Хочу заметить, что судьба – хороший тренер. Предлагаемые ею обстоятельства бывают, порою, жестоки, но всегда методически выверены с точки зрения обретения высших ценностей.
Для освобождения души из навязанного рабства удовольствий тела и плоти.

История Акелы.

Я всегда очень любила животных. Разных. В моей комнате частенько ночевали контрабандно проникшие в дом больные и раненые собаки и кошки. Мама иногда даже помогала их лечить, но устраивать дома филиал ветеринарки категорически запрещала.

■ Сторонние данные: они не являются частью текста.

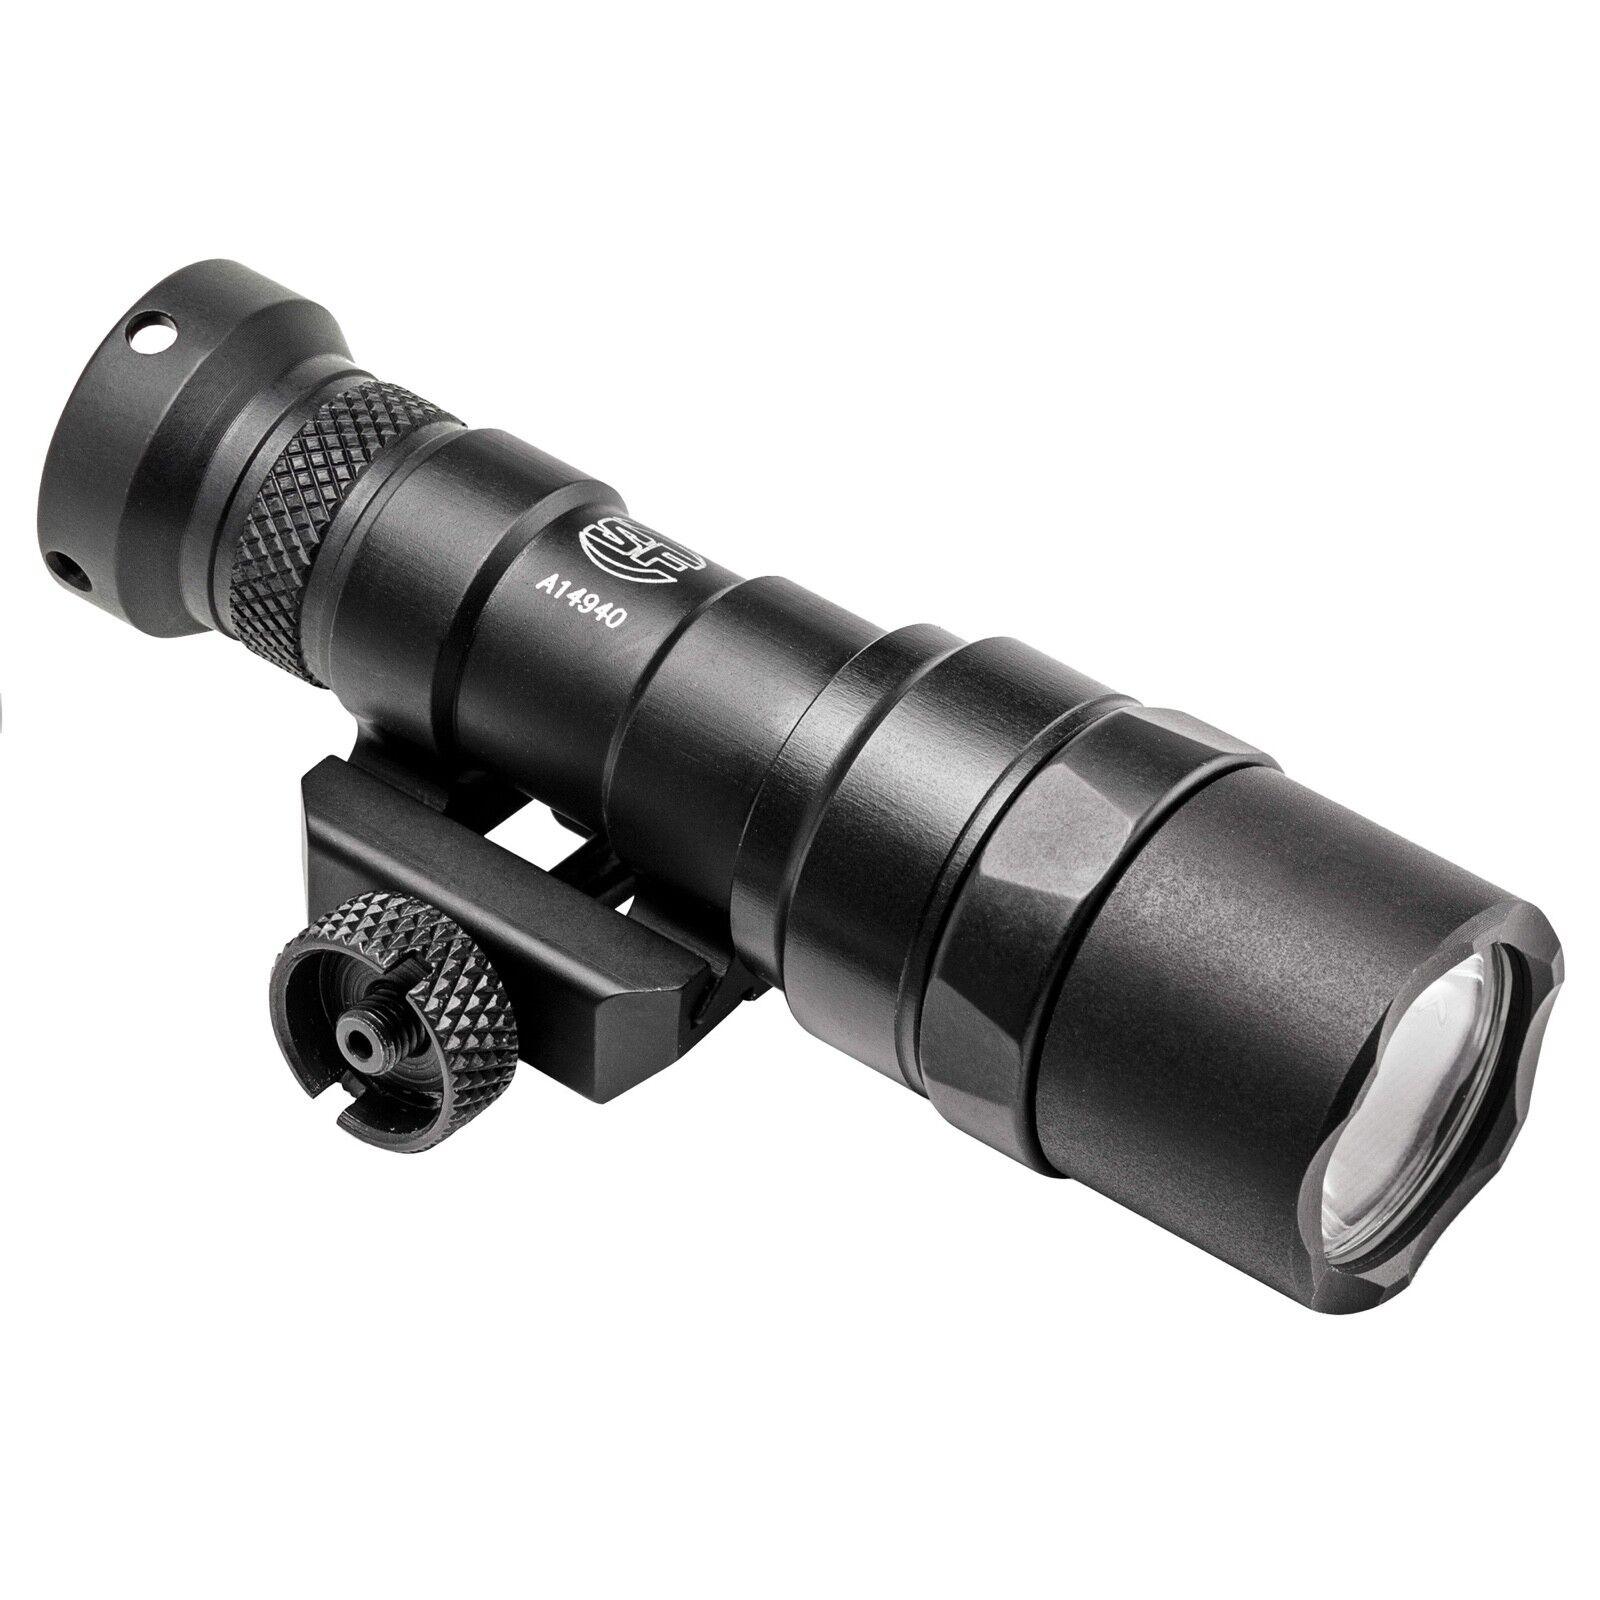 SureFire M300 Mini Scout Weapon Light Torch 500 Lumens M300C-Z68-BK

Как-то лет в 9-10,  мы носились с приятелями по улицам вместе с соседским щенком овчарки, неуклюжим толстячком Акелой. В азарте игры не заметили сухой сук, лежащий поперек дороги, и Акела налетел на него голеньким щенячьим животиком. Рваная рана была не то чтобы  глубокой, но большой, обильно кровоточила и  в ней застряли сухие щепки, камешки и грязь.

Акела скулил от неожиданной боли и не давался в руки. Даже попытался меня цапнуть, хотя никогда прежде и помыслить не мог о таком варварстве.
Только ужас от того, что любимый маленький Акела сейчас на моих глазах умрет, не дал мне позорно грохнуться в обморок.

И вот тут впервые я мысленно подчинилась какой-то силе, которая далее направляла все мои действия.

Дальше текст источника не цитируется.